Competing Interests: The authors have declared that no competing interests exist.

Figures

Figure 1
Figure 1. Animal (object) detection using the ArrayScan VTI.
Thirty-six adult or mixed stage animals were dispensed into 384-well plates, imaged and analyzed using the ArrayScan VTI and SpotDetector BioApplication. (A) A brightfield image of adult animals. (B) SpotDetector correctly identified all the worms in the field as indicated by the blue outline. (C) A representative brightfield image of a well containing 36 animals with a predetermined percentage (0, 25, 50, 75 and 100%) of adults sorted into a 384-well plate. (D) SpotDetector was optimized to identify large (L4 and adult stage) worms (blue outline) and exclude smaller (L1, L2 and L3 stage) worms (orange outline). (E) Correlation between the percent of adults actually sorted per well in (D) vs. the percent of adults as determined by SpotDetector. The slope and goodness-of-fit (r 2) of the linear regression were 0.72 and 0.85, respectively. The slope of the line was significantly different to 1 (P<0.05). Scale bar, 450 µm.
Figure 2
Figure 2. Automated detection and quantification of cells, tissues, subcellular protein aggregates or autophagy in individual animals.

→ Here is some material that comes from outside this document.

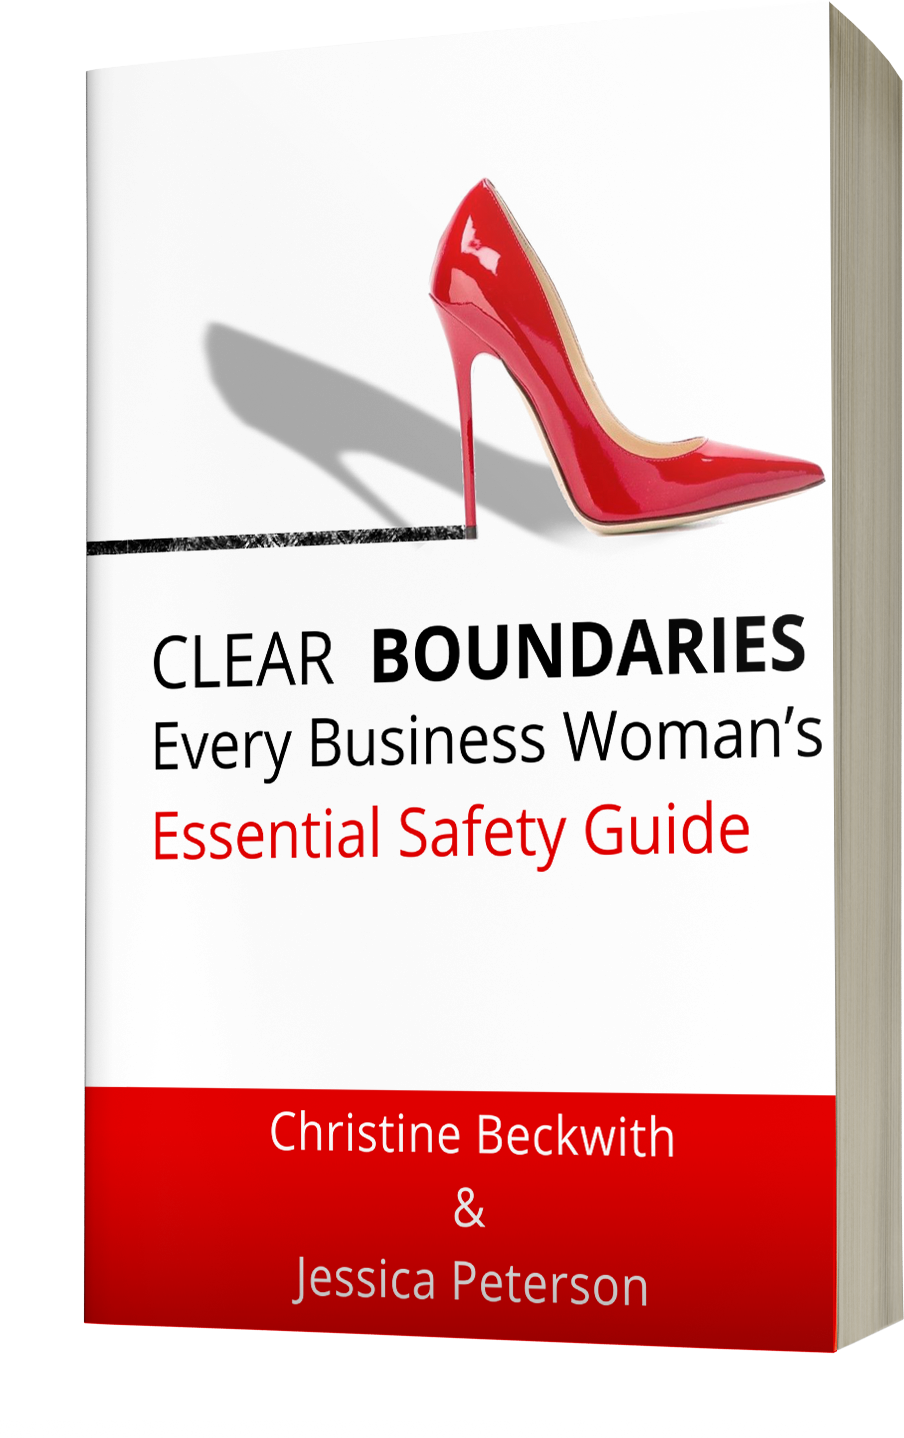 Clear Boundaries Business Woman Safety Guide Book Cover PNG image

(A–J) The SpotDetector BioApplication was used to identify and quantitate different types of transgene expression (left of panels) in adult animals. The brightfield channel (left panels) was used to discriminate between complete adult animals (outlined in blue) and debris or incomplete animals (outlined in orange), while a fluorescence channel (colored overlays in right panels) was used to detect different types of fluorescently tagged transgenes in correctly identified objects. (K–N) Fluorescence images of well-fed (K) and starved (M) animals expressing the autophagy marker, mCherry::LGG-1. In well-fed animals, mCherry::LGG-1 was diffusely cytoplasmic (K). In contrast, induction of autophagy by starvation leads to a punctate fluorescence pattern within intestinal cells, as LGG-1 is incorporated in to autophagosomes (M). (L, N) Higher magnification of the boxed areas in (K) and (M), respectively. (O–Q) The different types of transgene expression were quantified by spot count (O), spot area (P) or spot intensity (Q) per animal. Spot count, spot area and spot intensity values for each of the transgenic lines were significantly (Student's t-test, P<0.001) different to that of N2 animals. Data derived from 10–50 wells containing ∼20 animals/well. Scale bars, 225 µm (A–J, K, M), 50 µm (L, N).
Figure 3
Figure 3. Identification of live cells or dead animals using C. elegans.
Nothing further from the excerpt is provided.